Autonomous vehicles stand to revolutionise the transportation and logistics industry in innumerable ways. Benefits of autonomous vehicles include reduced costs, increased safety, increased mobility, reduced crime. Automated cars are predicted to increase traffic flow, provide enhanced mobility for children, elderly, and disabled. They will also increase the fuel efficiency of vehicles, and facilitate business models for transportation as a service especially via sharing economy.
The disruption in Autonomous vehicles has a very large footprint. It affects not just transportation – but also car manufacturing, insurance, travel, retail and logistics industries as well. This is one of the reasons why investors and analysts have been so bullish about it.
This is a brief primer on how autonomous driving vehicles work. And how training data is a very integral part of developing this technology.
Broadly put, self-driving vehicles have four key functions:
Mapping and Localization
Locating the vehicle’s exact coordinates and positioning on the road. This provides vehicles with context of where it currently is as well as where it is are driving towards.

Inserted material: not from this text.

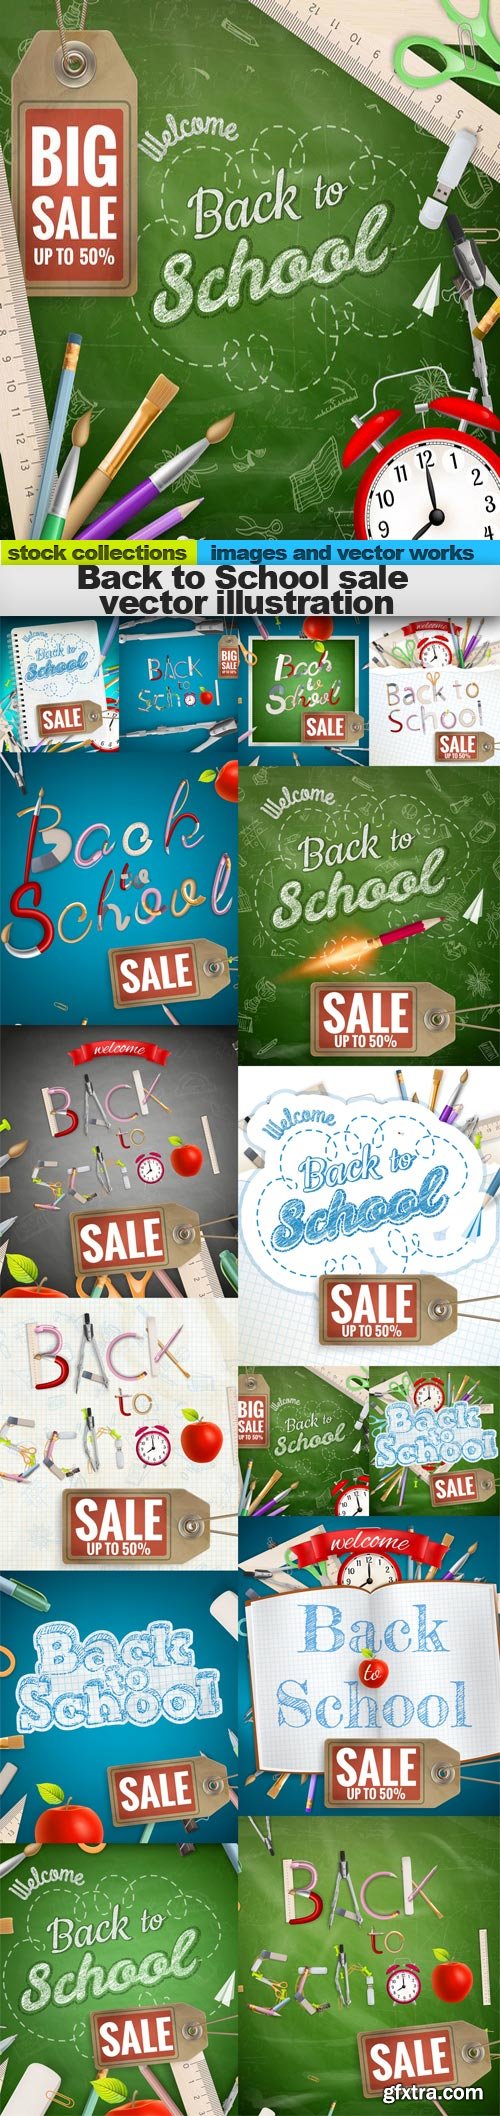 Back to School sale vector illustration, 15 x EPS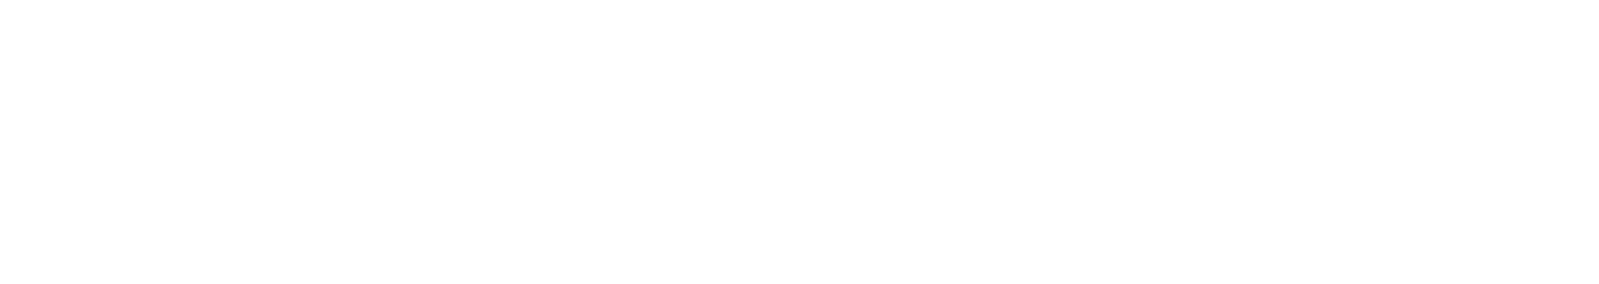 Kerry Logistics Network logo large for dark backgrounds (transparent PNG)

Object Detection (Perception)
Advanced signal processing and ML algorithms to detect and classify objects as well as identify drivable space, lane boundaries, etc.
Trajectory Planning
A short and long term route planning system that uses data from maps, driver and perception models to generate trajectories and choosing the optimal path dynamically.
Motion Control
Producing a “human-like” driving experience by actively managing the actuators — thereby controlling the steering wheel, brakes and accelerator.
The Perception Problem
One of the key things which an autonomous vehicle needs to understand, is the ability to perceive the surrounding environment around itself, so that it can take informed decisions and plan its path accordingly.
That is the perception problem.
If you think about it, the self-driving car needs to accurately detect and track the objects around itself in all scenarios. It has to work perfectly in the glaring afternoon sun, as well as in pitch darkness. Even when it is snowing, or raining, or foggy — the perception systems need to work impeccably.
Autonomous Vehicles have usually have a slew of sensors attached with them. The most common ones are:
LiDAR Sensors
The LiDAR sensor fires rapid pulses of laser light, sometimes at up to 150,000 pulses per second. A sensor on the instrument measures the amount of time it takes for each pulse to bounce back — which is used to create 3D models and maps of objects and environments
The fast spinning bob you see on top of most of the self-driving cars is the LiDAR device. It is by far the most expensive sensor mounted on self driving cars.
A great video on how LiDAR works: https://www.youtube.com/watch?v=EYbhNSUnIdU
For a more in depth reading, you can visit: https://arstechnica.com/cars/2019/02/the-ars-technica-guide-to-the-lidar-industry/
Cameras
Autonomous vehicles usually have a suite of cameras to provide visibility of the environment around itself. Wide angle cameras provide broad visibility around the car, whereas narrow cameras provide a focused, long-range view of distant objects.
Radar Sensors
The RADAR system works in much the same way as the LiDAR, with the only difference being that it uses radio waves instead of laser. Since, radio waves have less absorption (due to large wavelength), it can detect objects through fog, dust, rain, snow. However, because of large wavelength, precision of objects detected from RADARs is quite low. Although, they play an important role in detecting and responding to motion of forward objects.
Ultrasonic Sensors
Some cars also use ultrasonic sensors for close-range work. They help detect nearby cars in dense places, and also provide guidance when parking.
All these sensors have different input types associated with them.
An average self-driving car with all the sensors captures data at the rate of 1 GB per second. All this data is fed into the perception models which then detect and track objects around the car.
This is where training data comes into play. The larger, the better, and more diverse dataset the perception models are trained on, better the vehicle is able to detect and track the objects, and subsequently, better is the performance on road.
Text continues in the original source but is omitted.